LibGuides: Web Scraping: Scraping Social Media

Choosing a Tool - API or Web Scraping

While web scraping is a powerful tool for gathering data from the web, it is not the only method. An API (application programming interface) can be used to request data directly from a website’s server rather than interacting with the HTML like with web scraping. You can think of it as your computer communicating directly with another, rather than parsing a website designed for human interaction.

APIs are powerful but can be limited. They only allow certain requests for information and their server decides how much information will be delivered. Take, for example, a weather service. Their API would allow you to request the forecasted weather for several of cities, find the annual rainfall for a region, and find historical high and low temperatures. It likely wouldn’t serve you images of weather-related news articles, the icons used to visually display the weather, or information on the organization that can be found in the “about” section of their webpage. When choosing to use an API or build a web scraping tool, consider what information is important to you and if the API serves all the information or just summarizes it.

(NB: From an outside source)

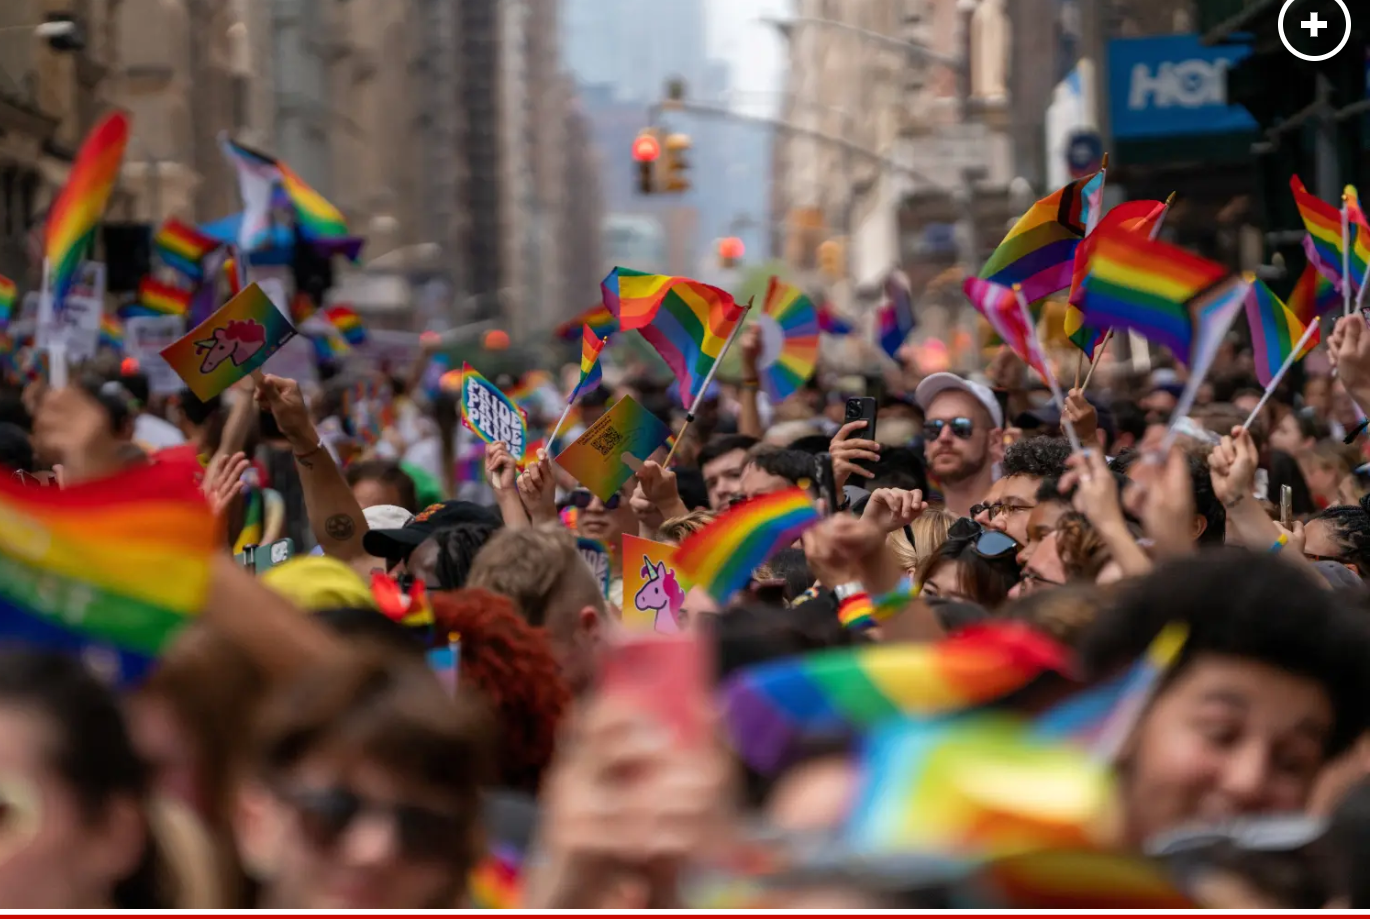 NYC Pride Parade revelers sound off on controversial Drag March chant: ‘Just adding fuel to the fire

It is important to note that there are 2 kinds of API:

Free public APIs: Public APIs are available for many government and information services and some social media sites like Reddit.
APIs that require a key: A key is a special code needed to access API functionality for some services and typically must be paid for. Other social media sites, such as X or Meta’s products (Instagram, Facebook), utilize API keys and a paid plan must be subscribed to access them.

Because APIs share information on the web developer’s terms, there can be limits to the rate at which your machine can make requests and a cap as to how much you can access in a given period. Web scraping while respecting robots.txt can also impose rate limits. Consider the limitations of rate and data before deciding which approach better serves your research.

Working With APIs library guide.

Terms of Service - X (formerly Twitter)

X, formerly known as Twitter, is a social media platform where users share text and media posts. Its wide-scale adoption makes it a valuable resource for data on public discourse.

Visit our Scraping X (Twitter).

Terms of Service - Meta (Instagram & Facebook)

Meta, owner of Instagram, Facebook, and Threads, maintains the Meta Content Library for academic research. This library provides access to an archive of all publicly available information across these platforms and is maintained within the Social Media Archive (SOMAR) by the Inter-university Consortium for Political and Social Research (ICPSR) at the University of Michigan.

To gain API access to this database, one must apply to the ICPSR. Application periods are open only for certain windows, so consult their webpage for dates. For more information on the application requirements and process, visit the SOMAR Application Guide.

Social Media Scraping Tools and Guides

Instagram Scraper by Senthilnathan Karuppaiah

This javascript application is built to scrape Instagram posts without an API key while respecting the terms of service. Installation requirements and first steps can be found in the ReadMe on GitHub.

“Web Scraping X” from ScrapingDog.com

This article provides a step-by-step guide to scraping X using Python. Their method utilizes Beautiful Soup to parse the site’s HTML and XML and Selenium to browse dynamic content (elements that change with user interaction rather than static pages).

Examples of Social Media Web Scraping in Research

Camargo-Henriquez, I., & Nunez-Bernal, Y. (2022). A Web Scraping based approach for data research through social media: An Instagram case. V Congreso Internacional En Inteligencia Ambiental, Ingeniería de Software y Salud Electrónica y Móvil (AmITIC), 1–4. https://doi.org/10.1109/AmITIC55733.2022.9941290

This paper proposes a practical means of data retrieval from Instagram and discusses the applications of data gathered from the platform.

Leveraging web scraping and stacking ensemble machine learning techniques to enhance detection of major depressive disorder from social media posts. 2024. Social Network Analysis and Mining, 14(1), 239-. https://doi.org/10.1007/s13278-024-01392-w

In this paper, web scraping is used to pull large amounts of text from social media for analysis to identify depression in users. It also provides a comparison and analysis of similar projects to assess the efficacy of this methodology.